Surrendering Some Control of Your Assets Required for Asset Protection Trust

Any trust that can help protect your assets from creditors requires that you surrender at least some control over those assets. This goes for an offshore trust; a so-called "domestic asset protection trust"; an irrevocable life insurance trust; and any other trust that gives you creditor protection. If you think about it, this is just common sense. If you retain full control over the assets in a trust, than a judge could order you to hand those assets over to a creditor who has a judgment against you. This is why a revocable grantor trust (frequently used for probate avoidance) provides no creditor protection. Such a trust may be useful to avoid probate, provide asset management, and for other purposes. But it is not going to protect your assets from a judgment creditor.

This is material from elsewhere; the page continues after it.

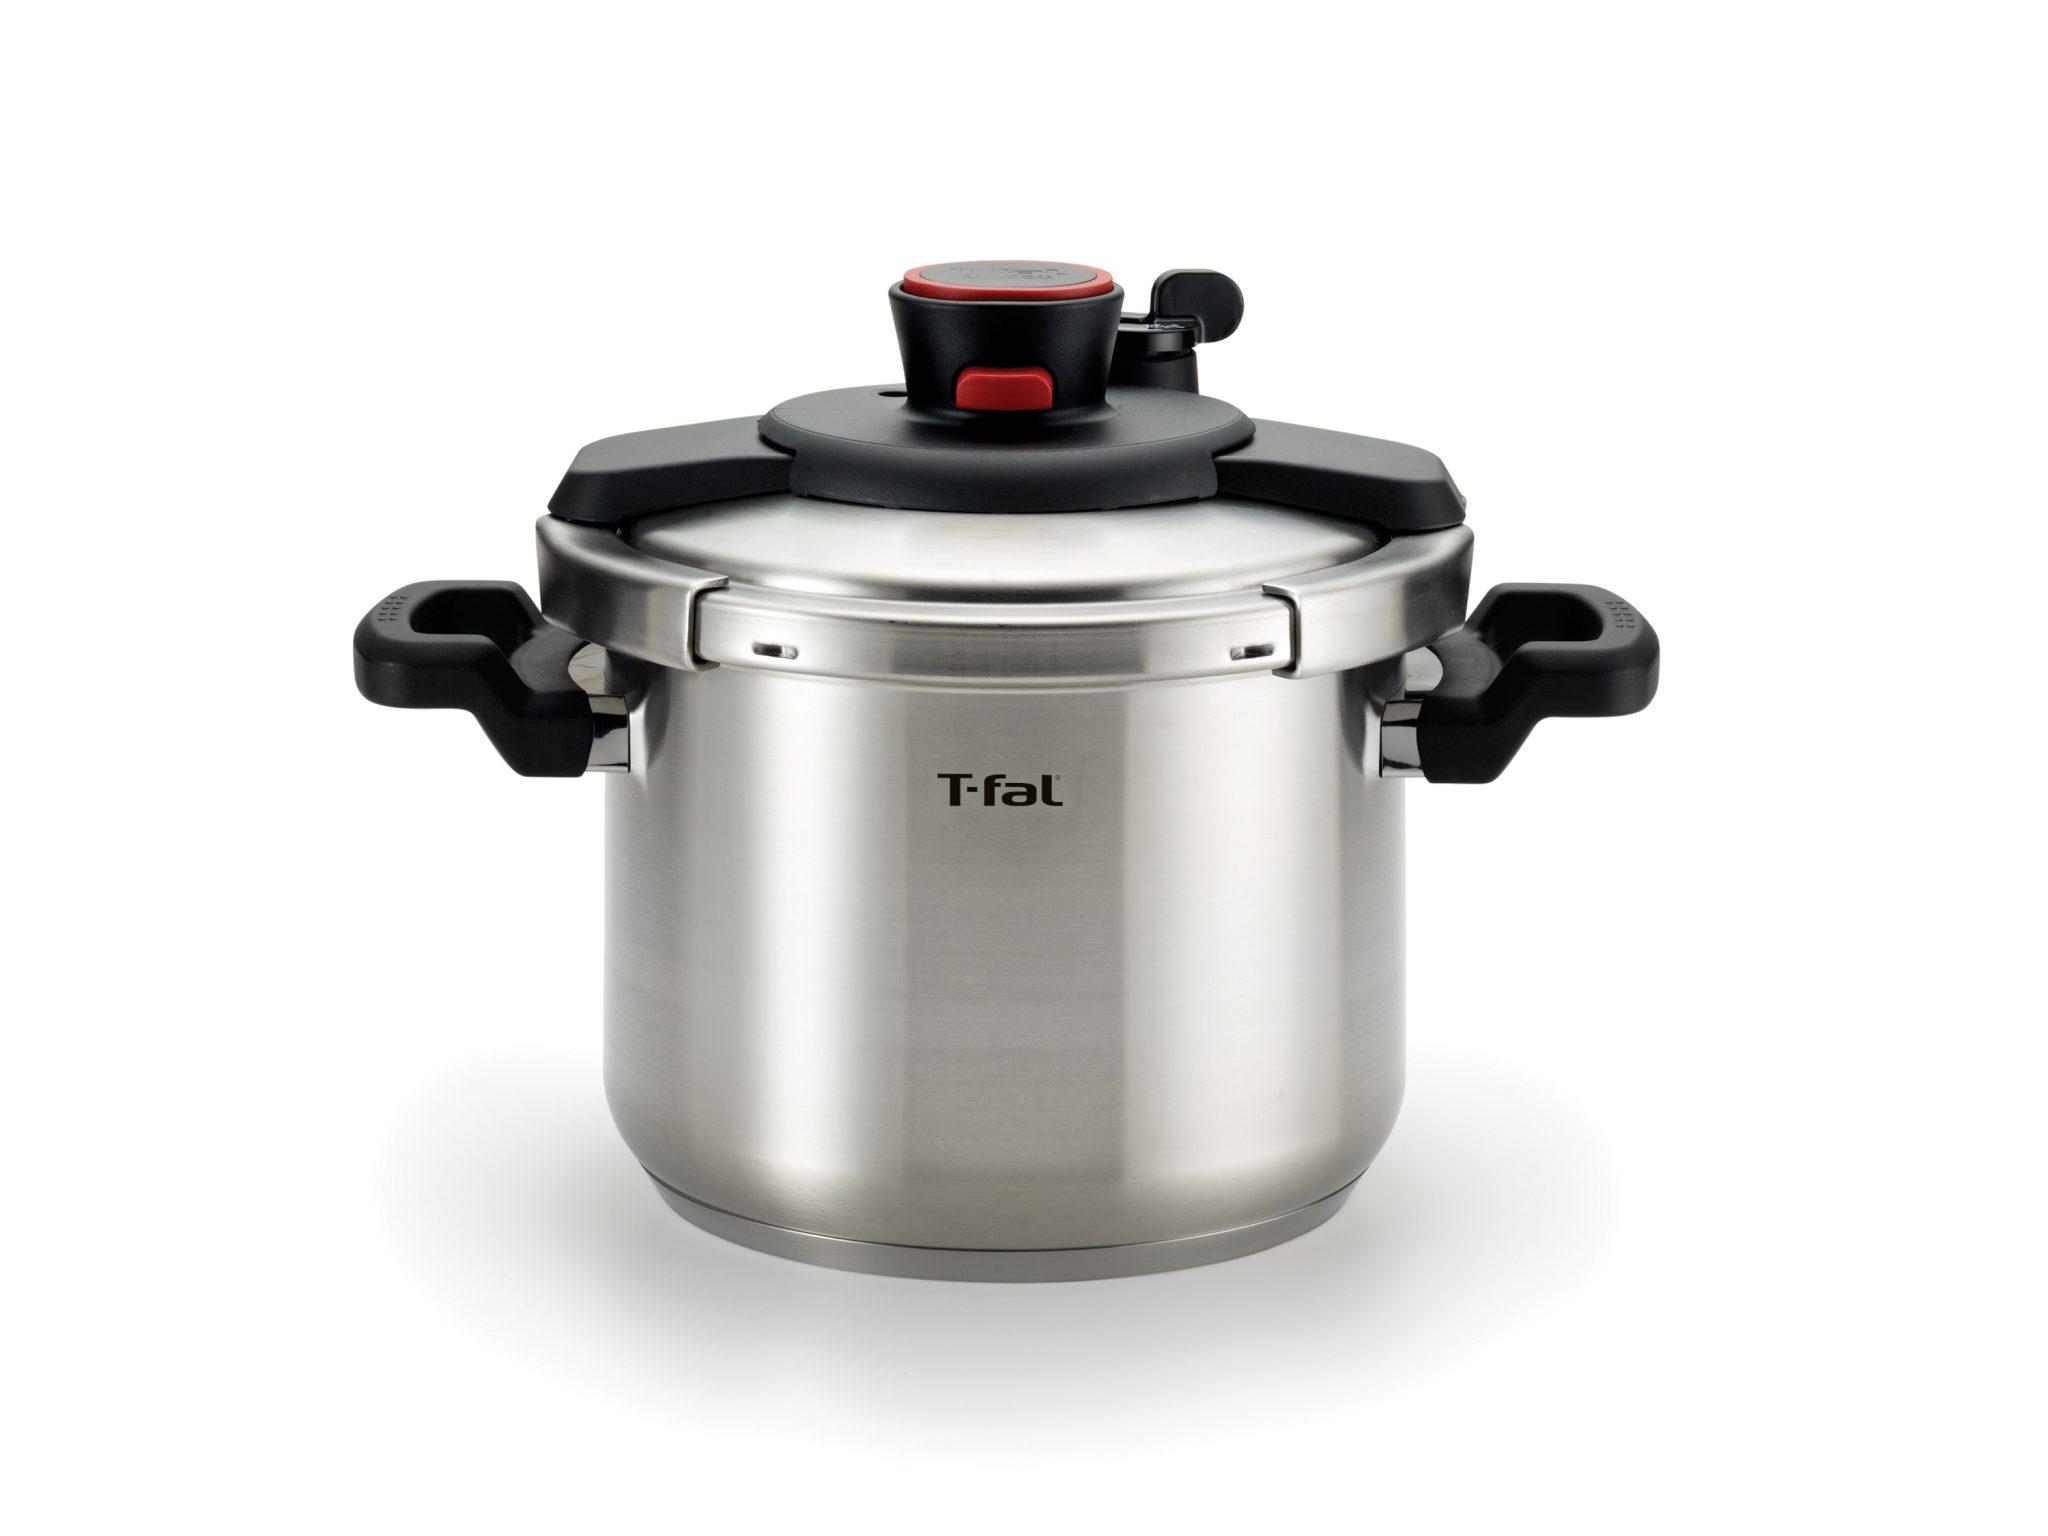 TFal Clipso Pressure Cooker

Surrendering some control of your assets is not necessarily bad, as long as you are willing to do so. But each situation has to be analyzed separately. And, you must be very careful about who you are giving some control to. While this is a broad generalization, it should come as no surprise that the more control you give up, the better creditor protection you get. But surrendering control has its own risks, which should be considered very carefully.

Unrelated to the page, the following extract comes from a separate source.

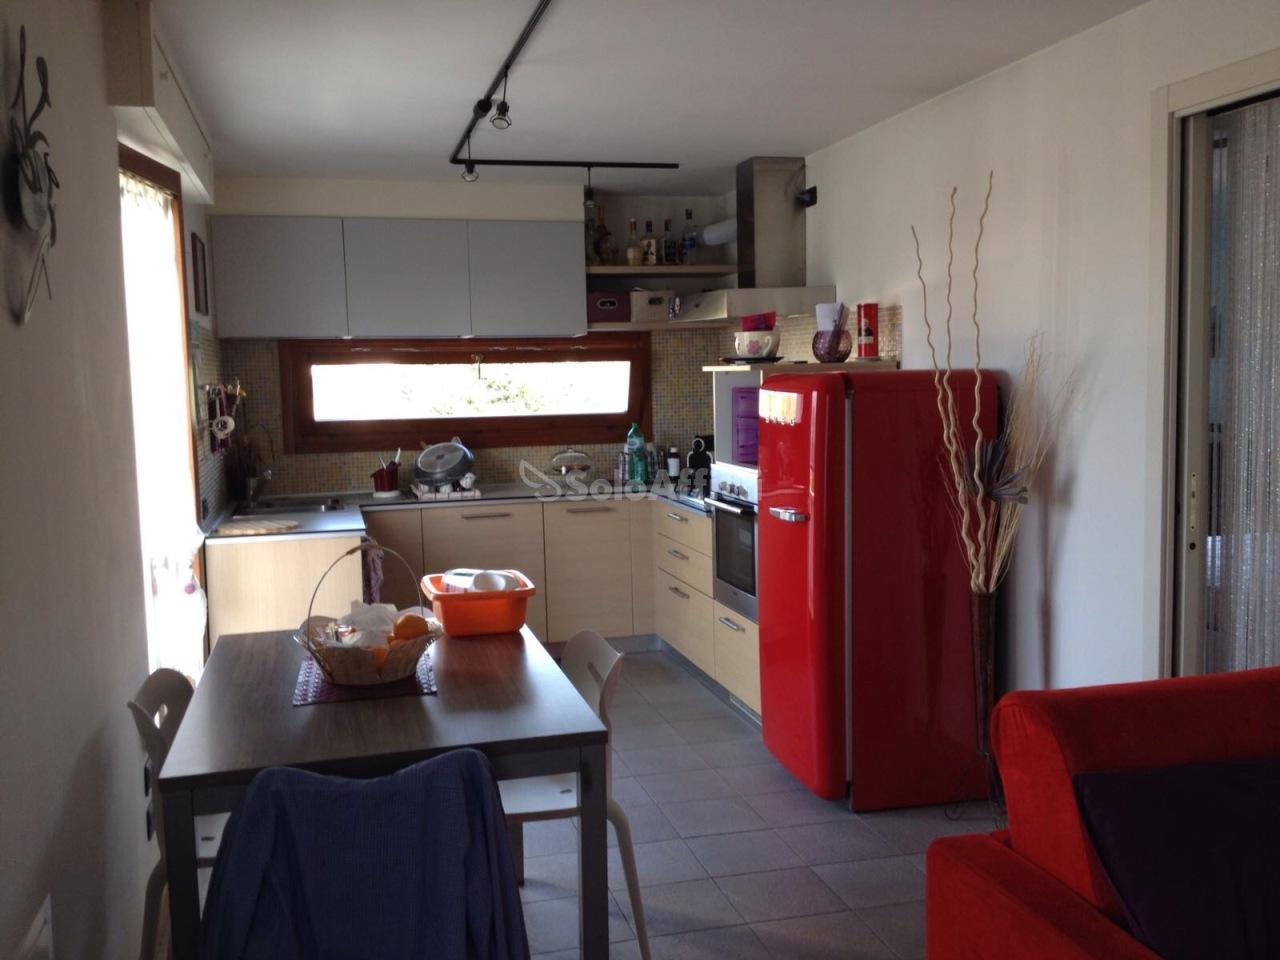 Appartamento in affitto a Cantù (CO)

Legitimate asset protection includes a balancing of risks and possible rewards. Always keep in mind that if a particular arrangement looks too good to be true, it probably is. 

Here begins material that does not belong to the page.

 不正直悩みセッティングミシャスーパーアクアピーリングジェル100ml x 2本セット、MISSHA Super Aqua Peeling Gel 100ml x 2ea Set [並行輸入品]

Traditional Asset Protection Is Frequently the Best

There are many asset protection strategies, and the more expensive and complex ones are not always the best.  I like the comment made by Jay Adkisson (a nationally recognized asset protection planner) in the May 11, 2009 issue of Forbes Magazine.  He basically says the best ways are the old ways.

While that is a big generalization, there is a lot of truth in it.  Offshore trusts, so called "domestic asset protection trusts" (permitted by statute in states like Alaska and Nevada) and other more exotic asset protection techniques may all have their place --  given the right circumstances.  But for most executives, small business owners, physicians, and others in need of asset protection, more traditional devices should be considered first.  Simply dividing certain assets between spouses may be helpful.  Many  traditional trust arrangements, including an irrevocable life insurance trust (ILIT), can often provide significant protection.  So can one or more limited liability companies.  They are easy to set up and provide excellent protection when properly utilized.   Using a family limited liability company in conjunction with a revocable trust can be a relatively inexpensive way to protect assets, and potentially provide significant estate tax savings.

I advise clients to focus initially on traditional, relatively less expensive asset protection strategies.  If those appear inadequate, then consider other alternatives.  But do not start with the assumption that you need an offshore trust in order to reasonably protect your assets.  Many more ordinary arrangements may provide all the protection you reasonably need -- without many of the drawbacks of more complex arrangements.